Dataset content
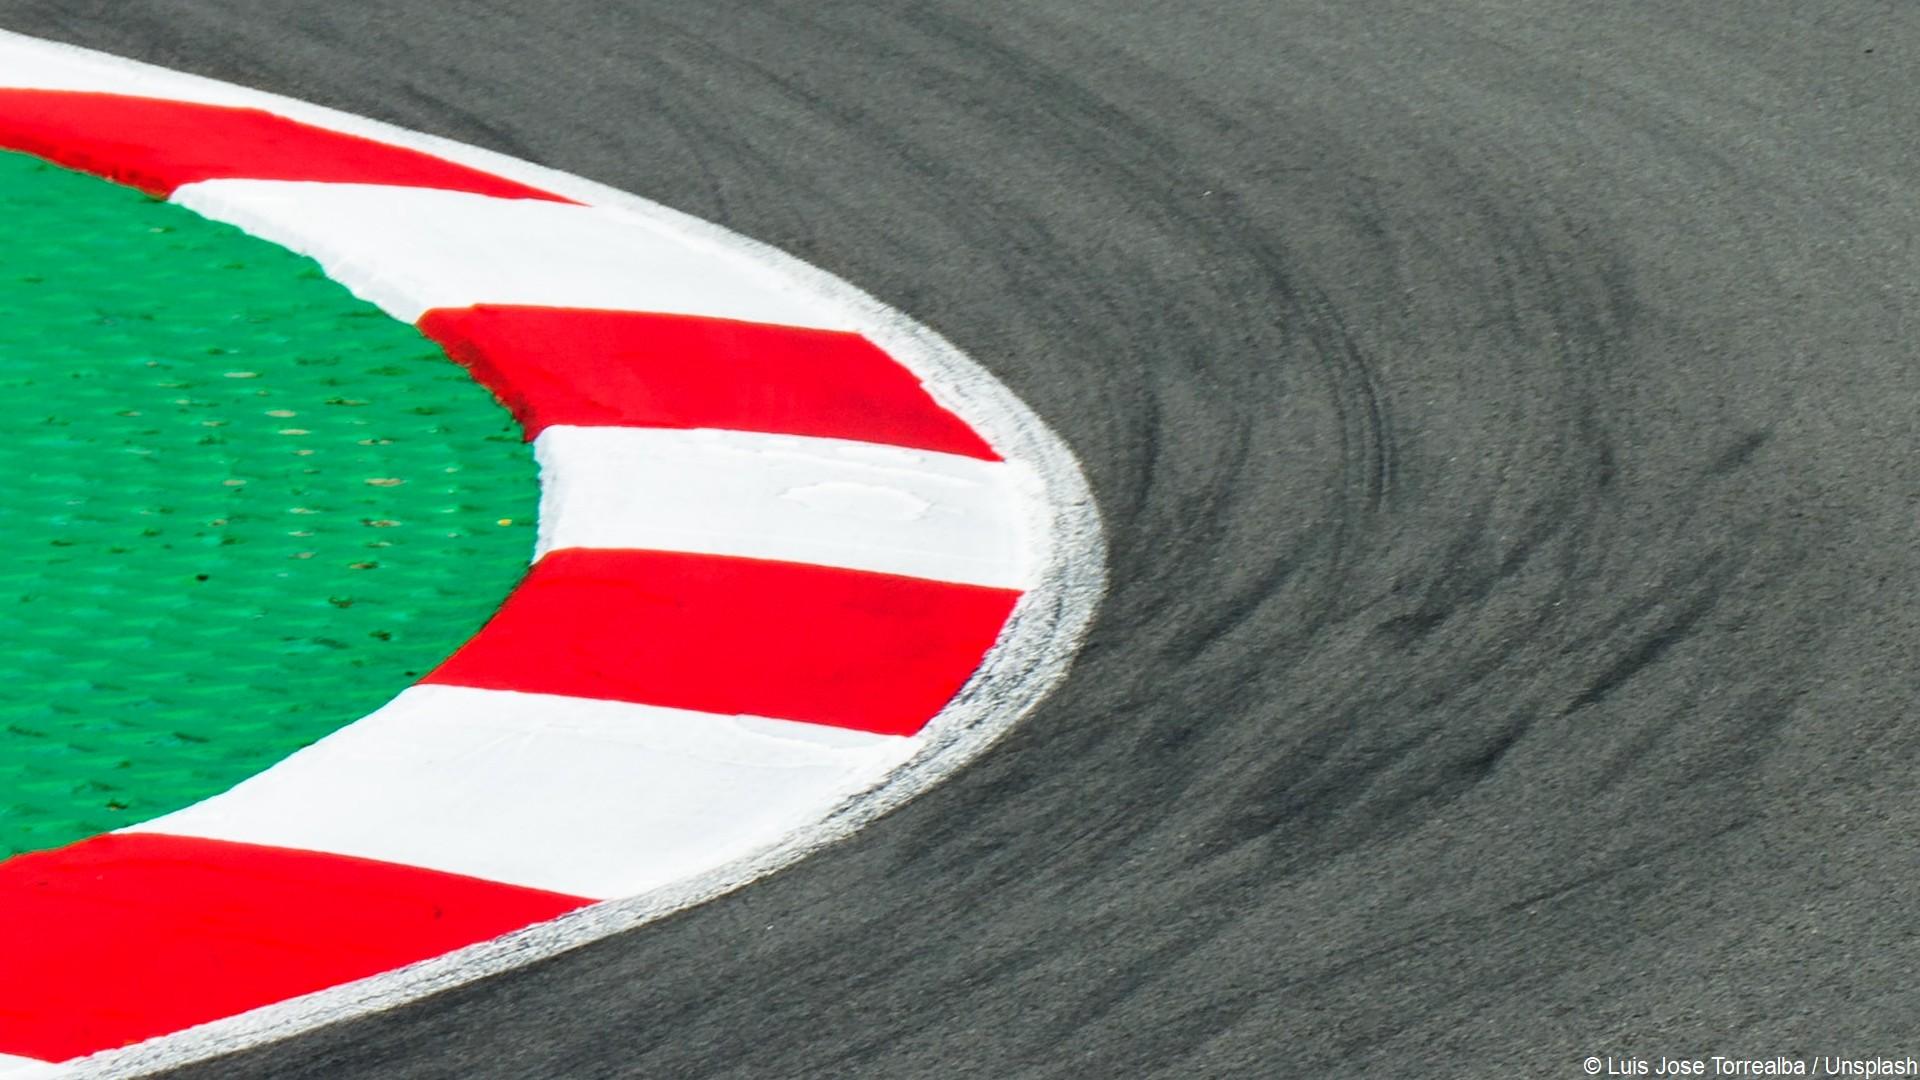 Sport Auto circuit (c) Luis Jose Torrealba Unsplash
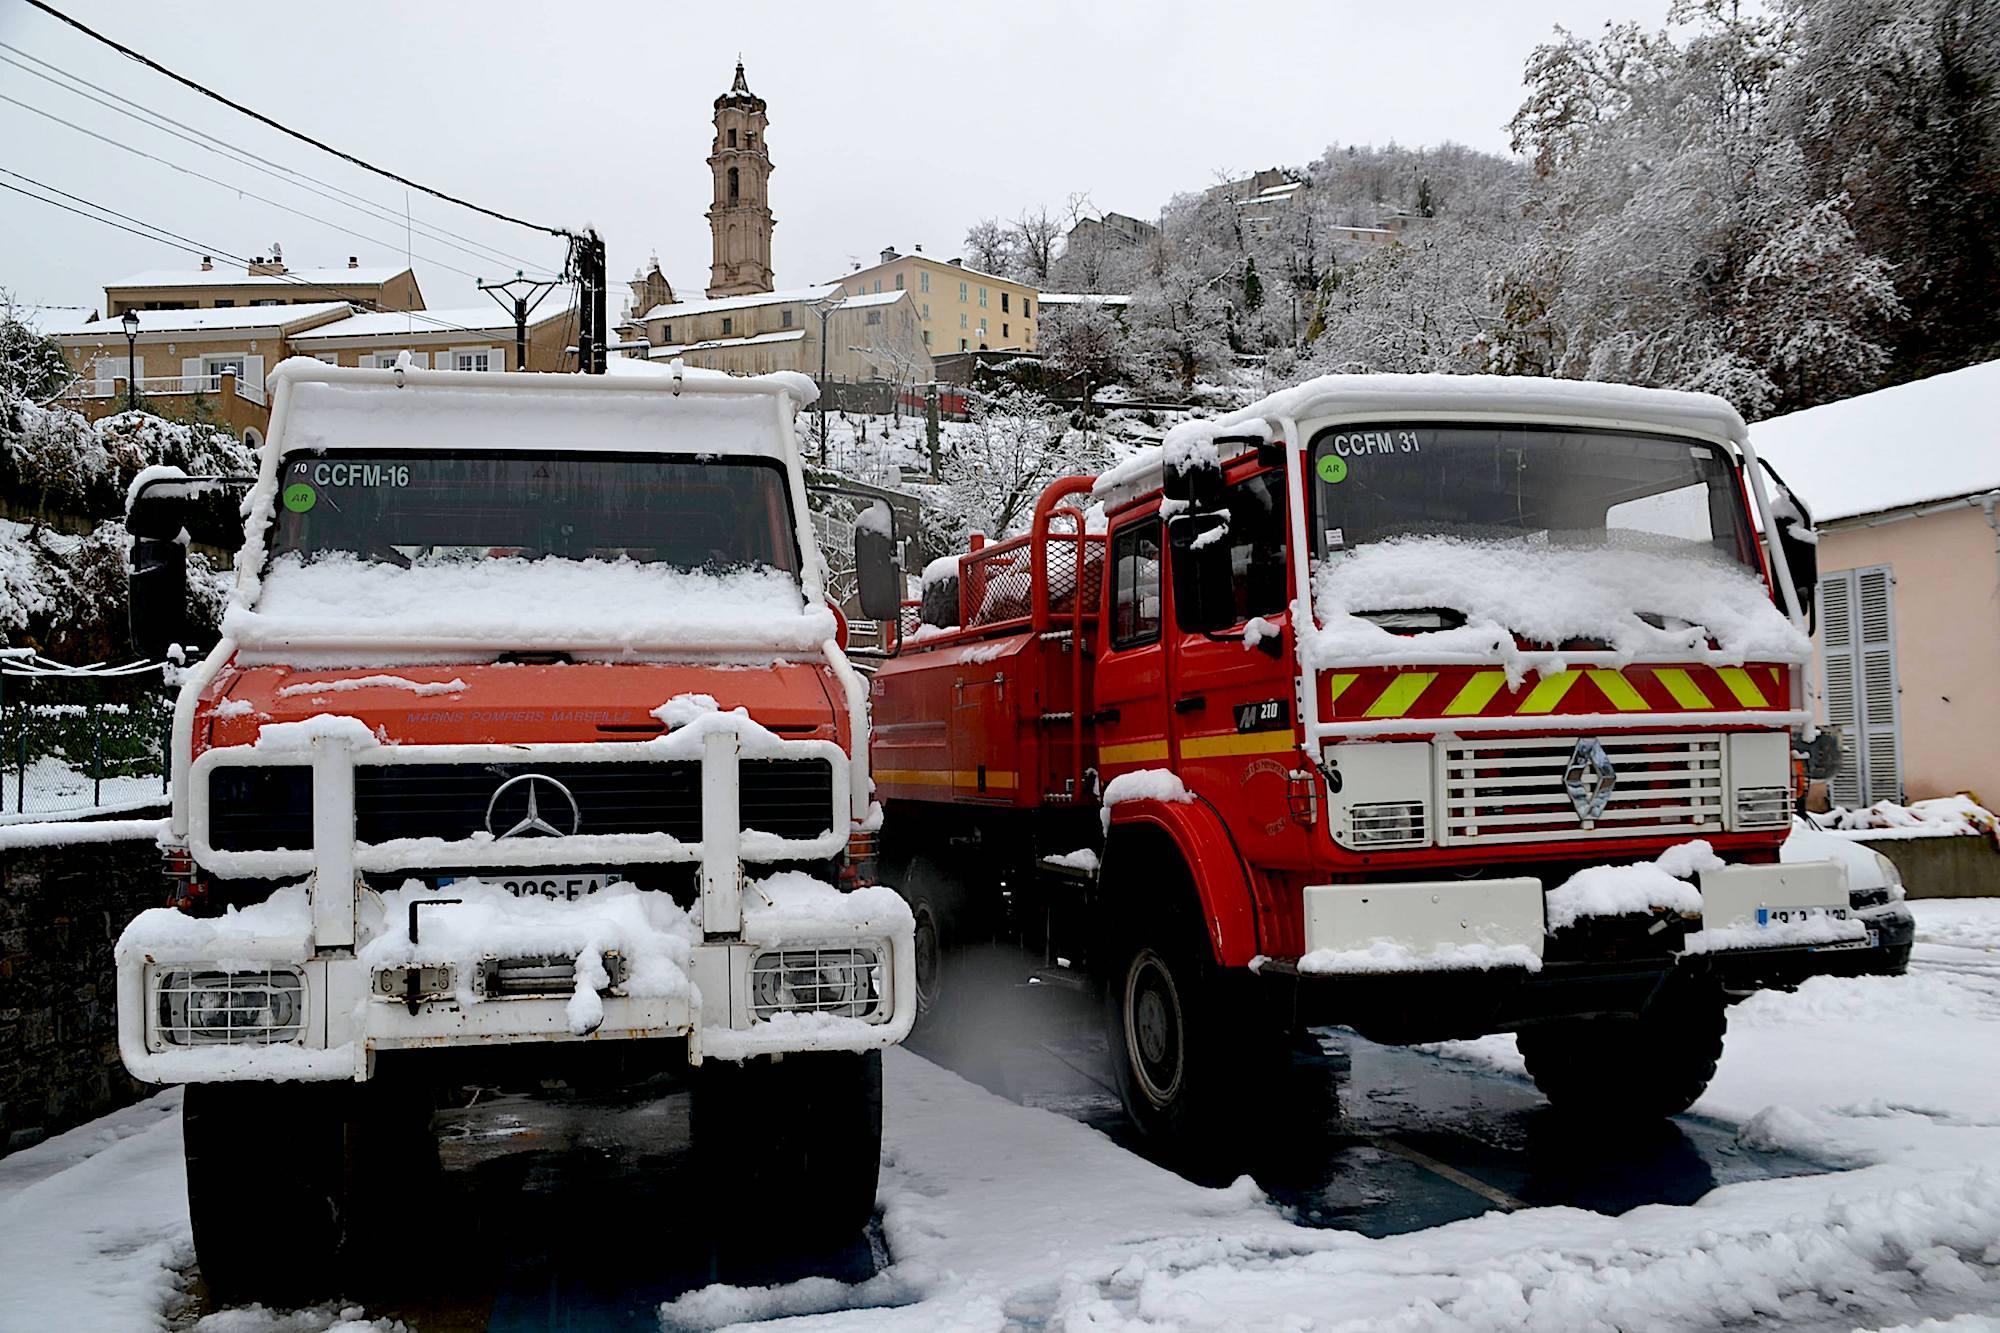 La Porta sous la neige (Photos Michèle Maestracci)
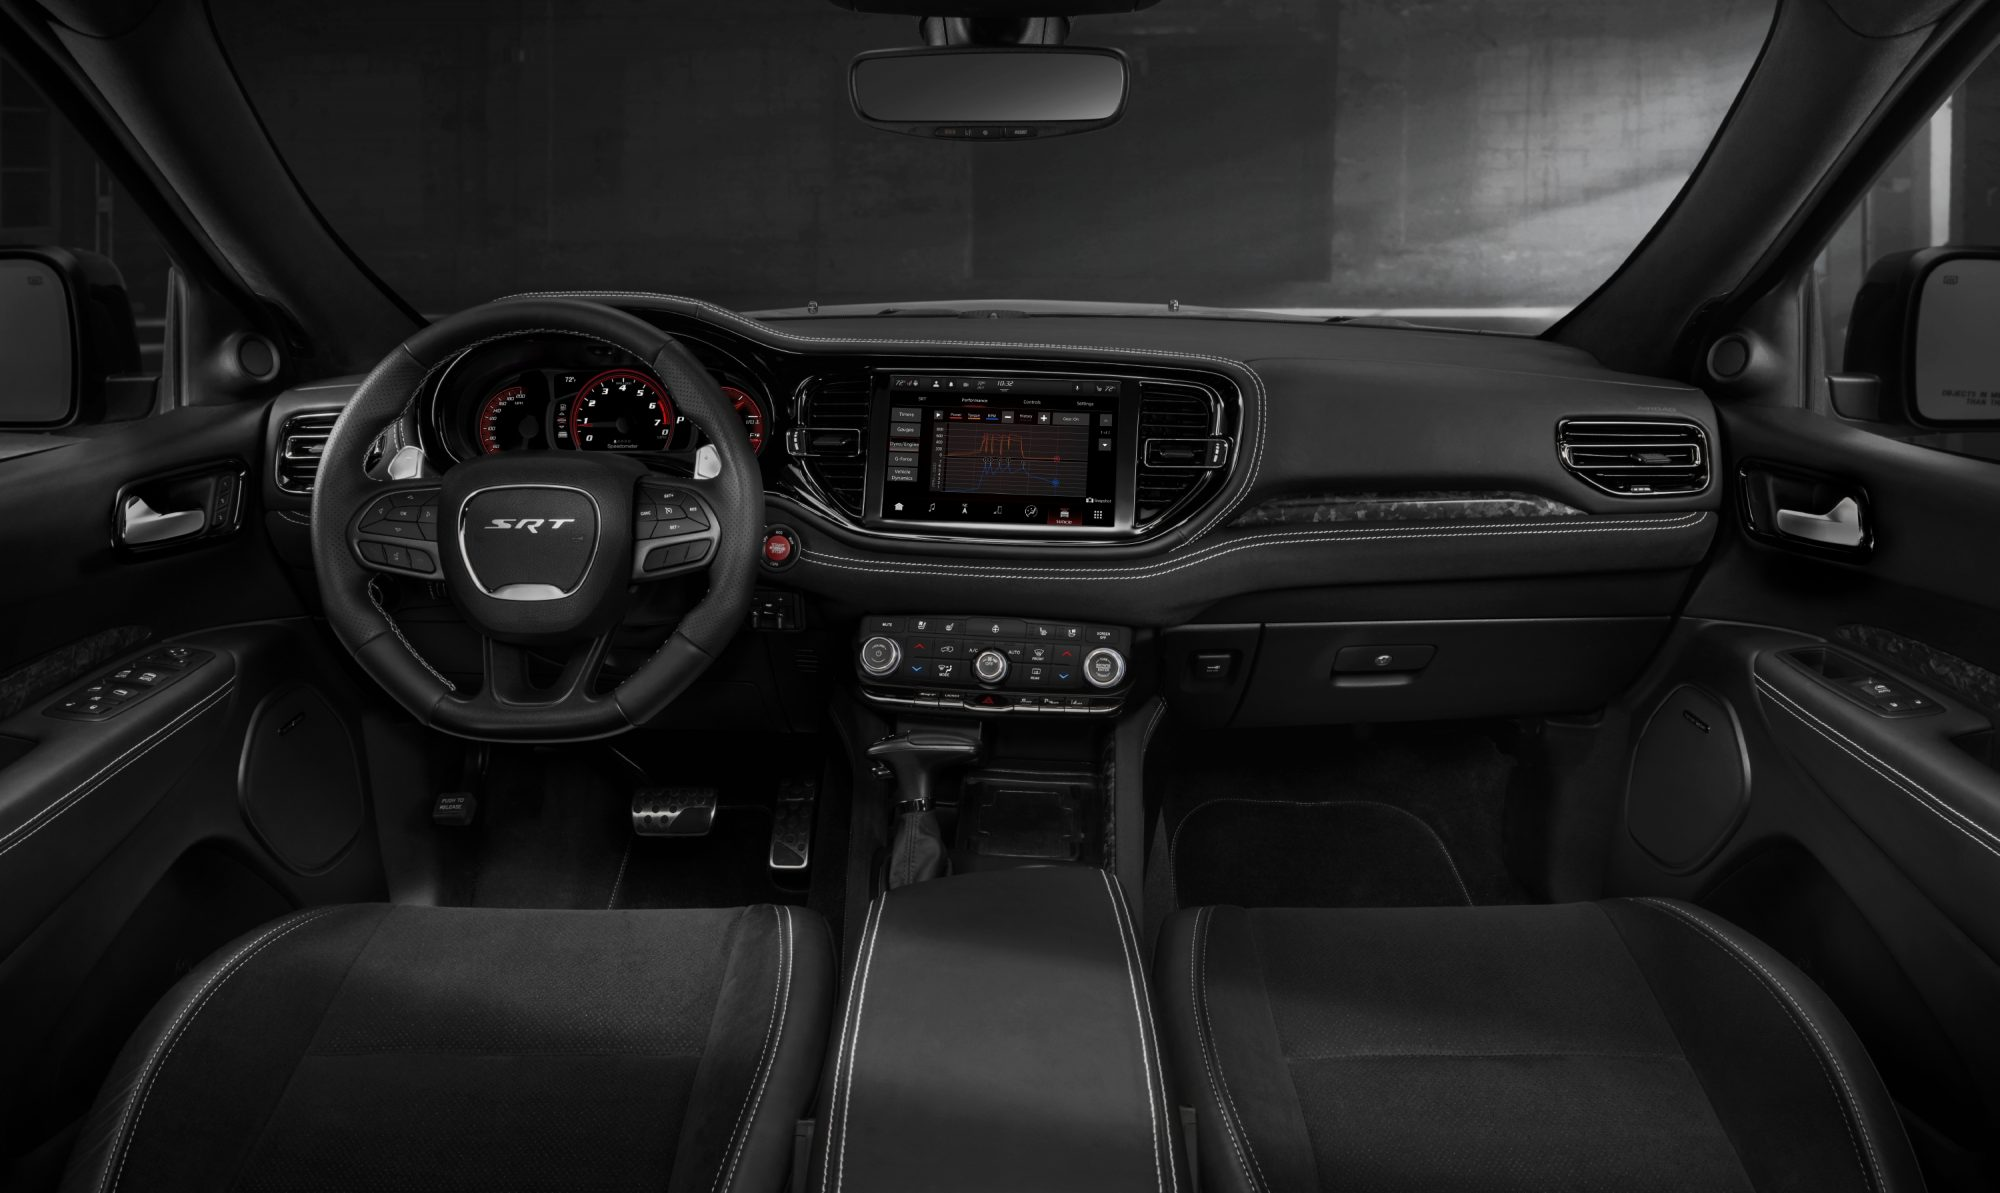 2021 Dodge Durango SRT Hellcat interior

Assignment
From the listing, extract all text exactly as given and drop any picture.

Task answer
 Sport Auto circuit (c) Luis Jose Torrealba Unsplash
 La Porta sous la neige (Photos Michèle Maestracci)
 2021 Dodge Durango SRT Hellcat interior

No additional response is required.